ABOUT THIS EXERCISE: Your answer must be an exact copy of the data, without any pictures.

INFORMATION PROVIDED:
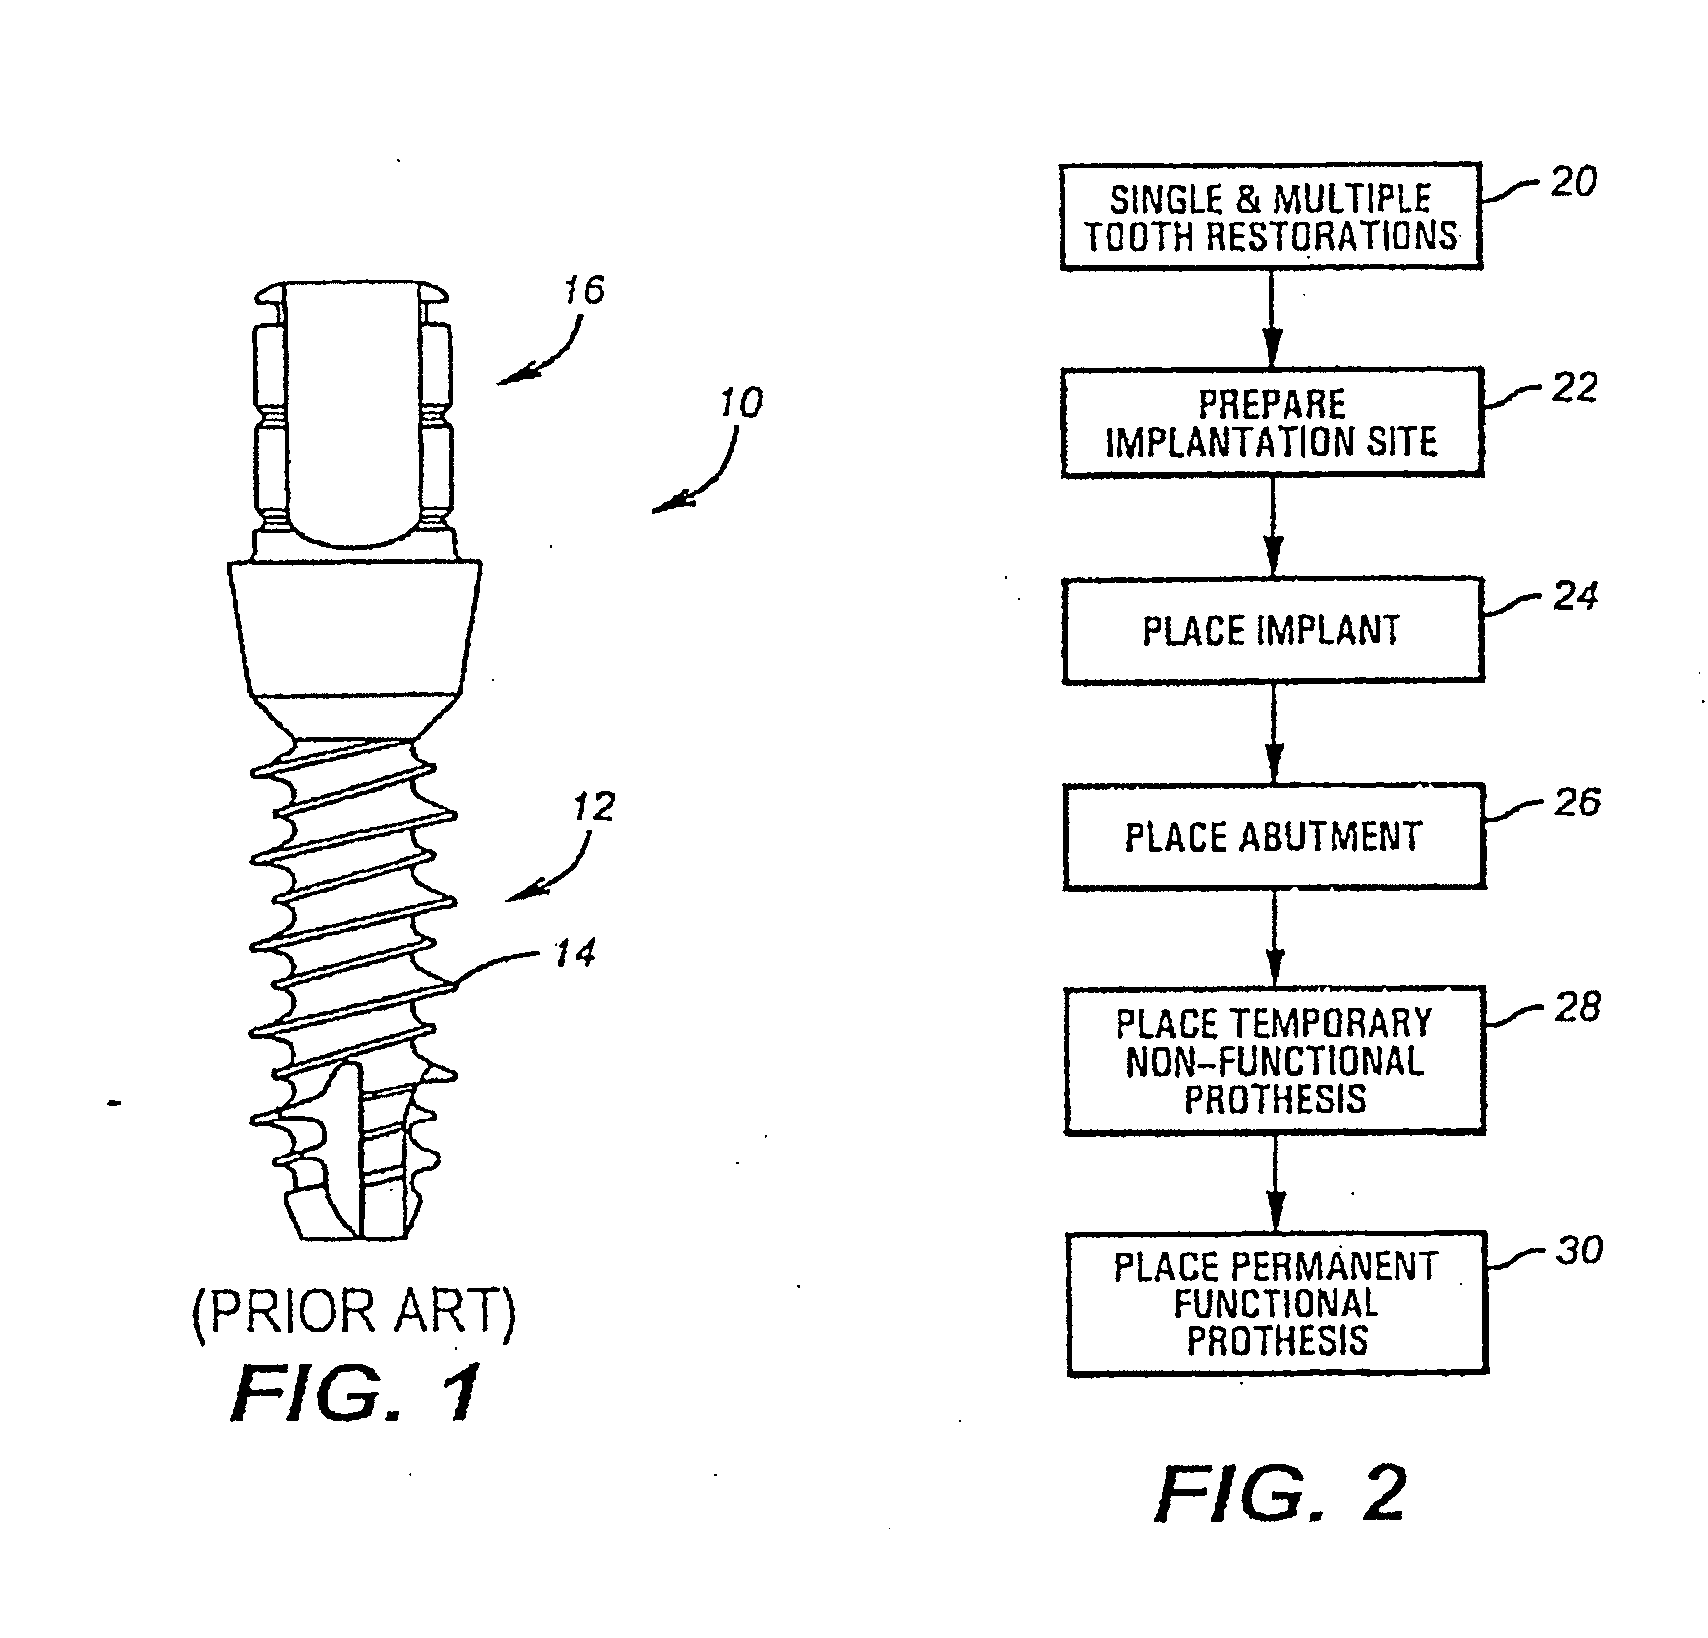 System for Immediately Placing a Non-Occlusive Dental Implant Prosthesis
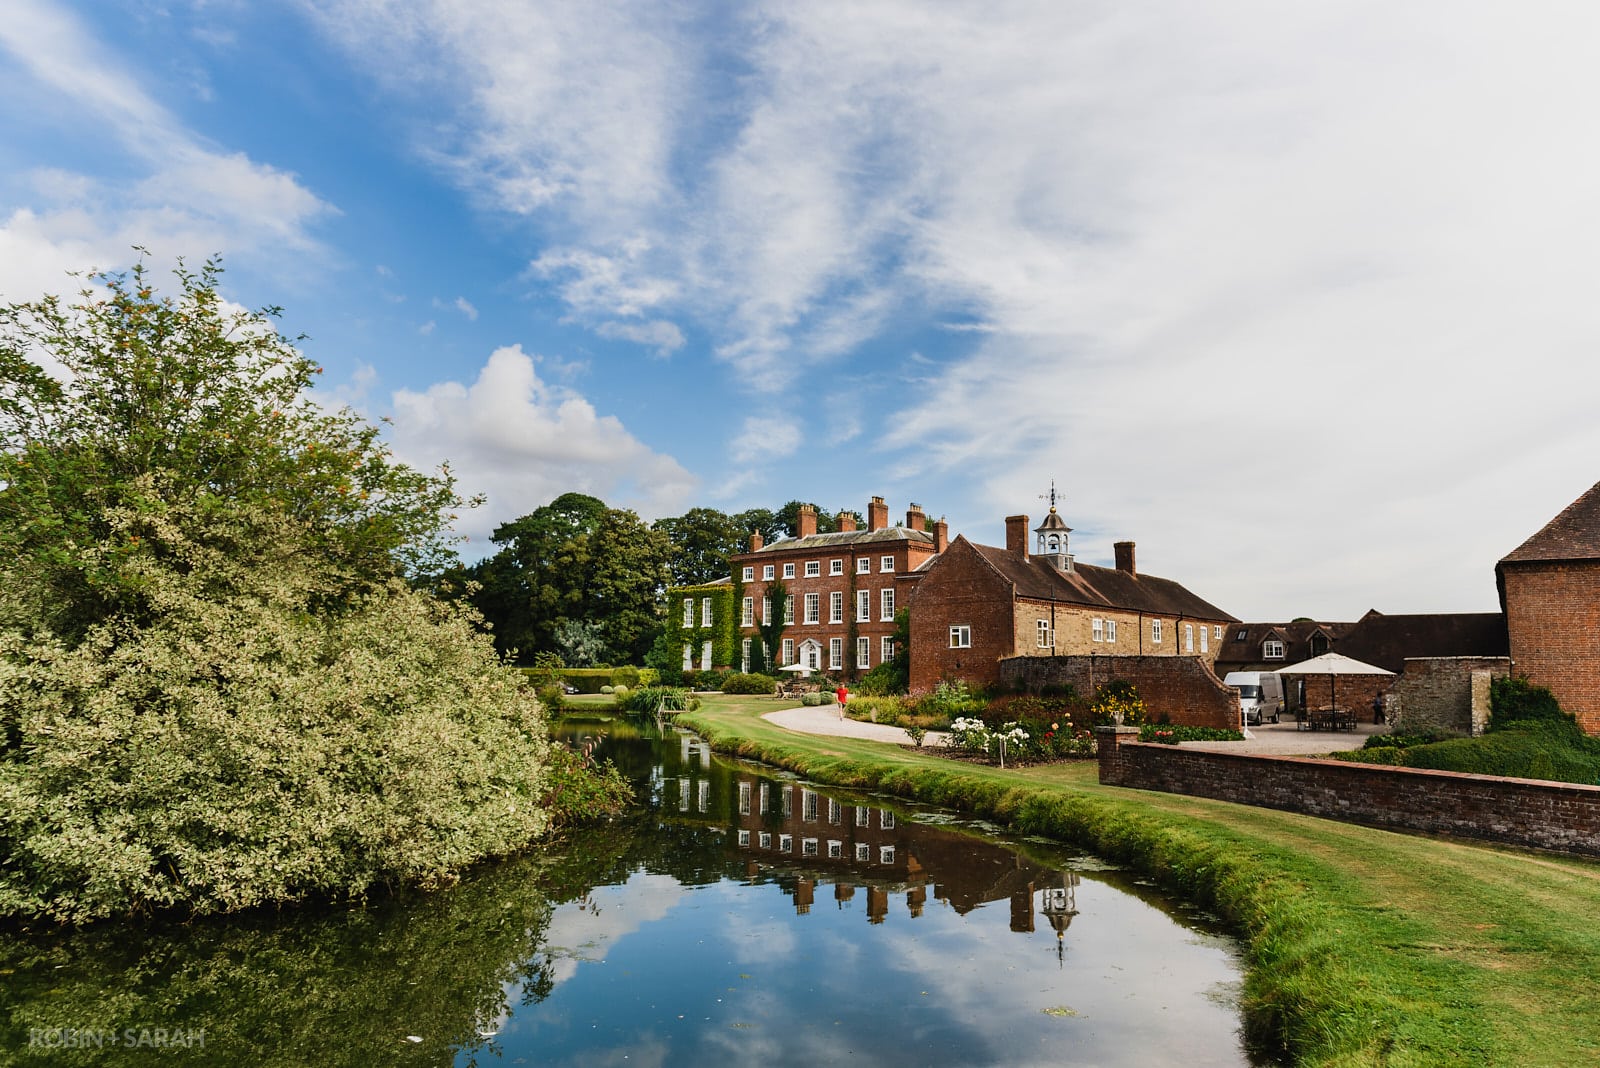 View of Delbury Hall wedding venue with beautiful pond and gardens
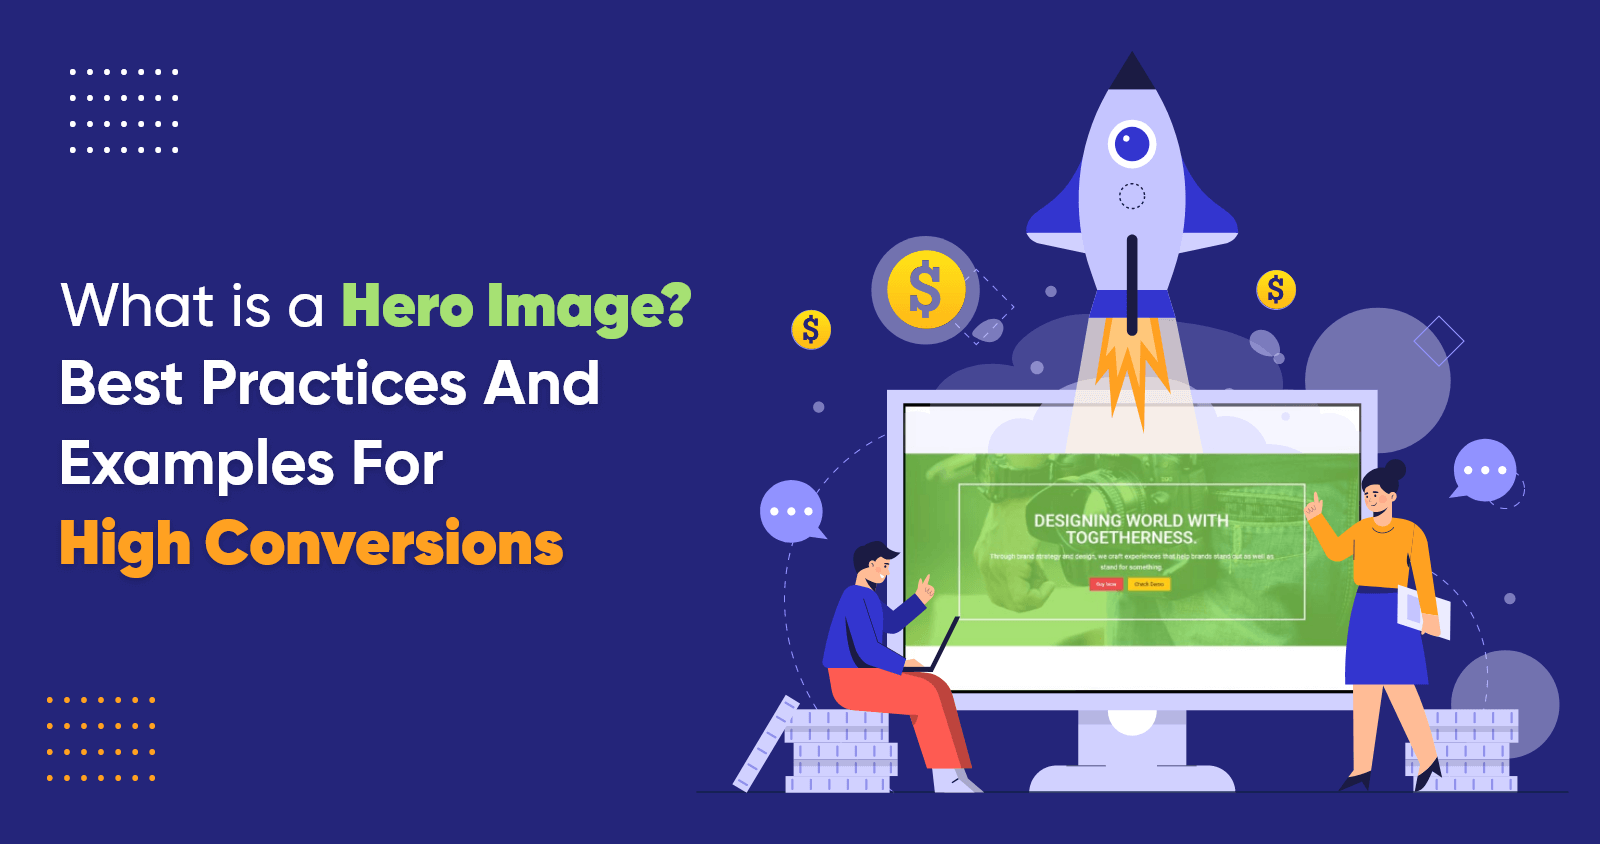 What is a Hero Image Best Practices And Examples For High Conversions

RESULT OF THE EXERCISE:
 System for Immediately Placing a Non-Occlusive Dental Implant Prosthesis
 View of Delbury Hall wedding venue with beautiful pond and gardens
 What is a Hero Image Best Practices And Examples For High Conversions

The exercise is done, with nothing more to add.